In retrospective those heady days when the black civil
rights movement was carrying all before it were also the heydays of my belief
in creative non-violent action. The time when whatever Doctor King and the
other leadership said about bowing our heads before the aggressors held me in
its thrall. Although, and here is my contradiction of the time if you will, I
was enamored under the spell of my maternal grandfather, Daniel Riley, an
ardent Irish nationalist of the struggle in Ireland that got its modern start
around Easter, 1916. So let’s put it down that I was probably more tactically
committed to non-violent actions (and under current circumstances still am with
what I see of the disparity of forces on our side and leveled against us.

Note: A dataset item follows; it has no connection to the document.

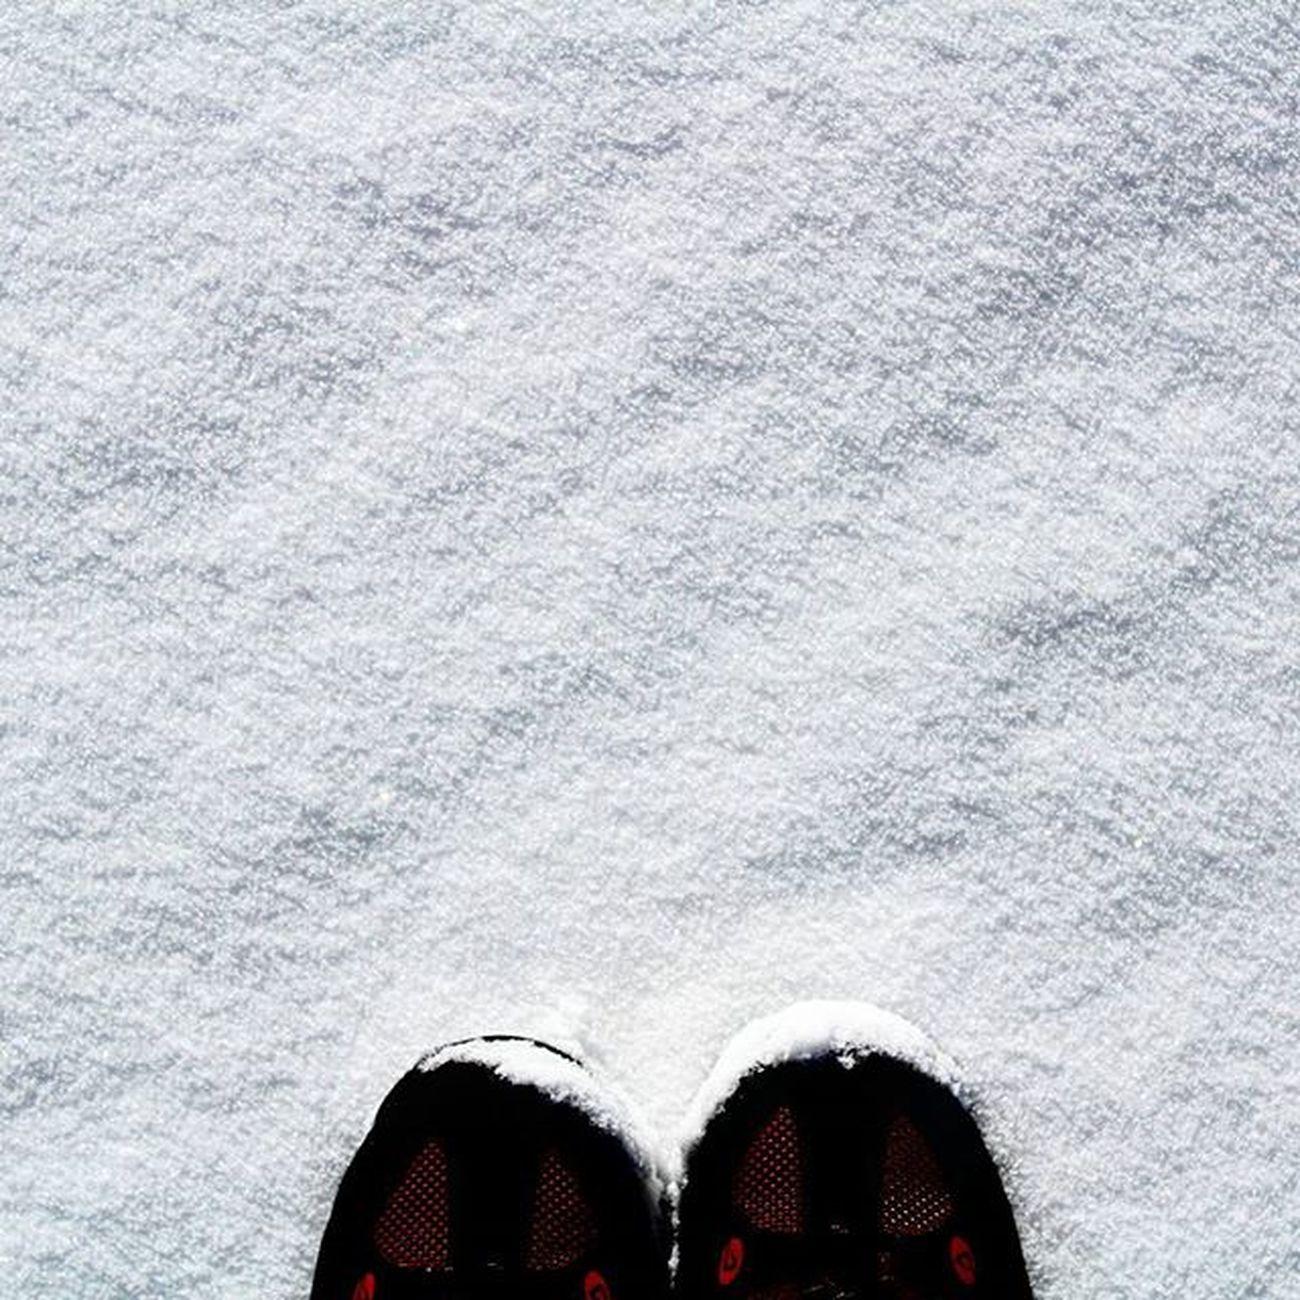 Feet & Trekking Myvallo Igers_salerno Igerscampania Igeritalia Dafareasassano Dafareasalerno Dafareincampania Insolitaitalia Campaniafelix Dolomite White Snowday Wintertime Instanature Instaday Fromwhereistand Ihavethisthingwithfloors Feet

The great change, maybe of emphasis, maybe of getting older
and wiser, and maybe, just maybe as a result of my truncated Army career which
was a watershed of sorts since that service happened during the Vietnam War (where
I didn’t go although I was 11 Bravo, an infantryman but that is a story also
told elsewhere). The savagery of the American government against a small but
real national liberation struggle which could not be fought any other way
except under the gun led me away from even that previous total tactical
acceptance that non-violent action could slay the evil dragon. And that stance
has not changed much in the last forty years or so, although I wish those who
can “keep the faith,” the faith of my youth, well.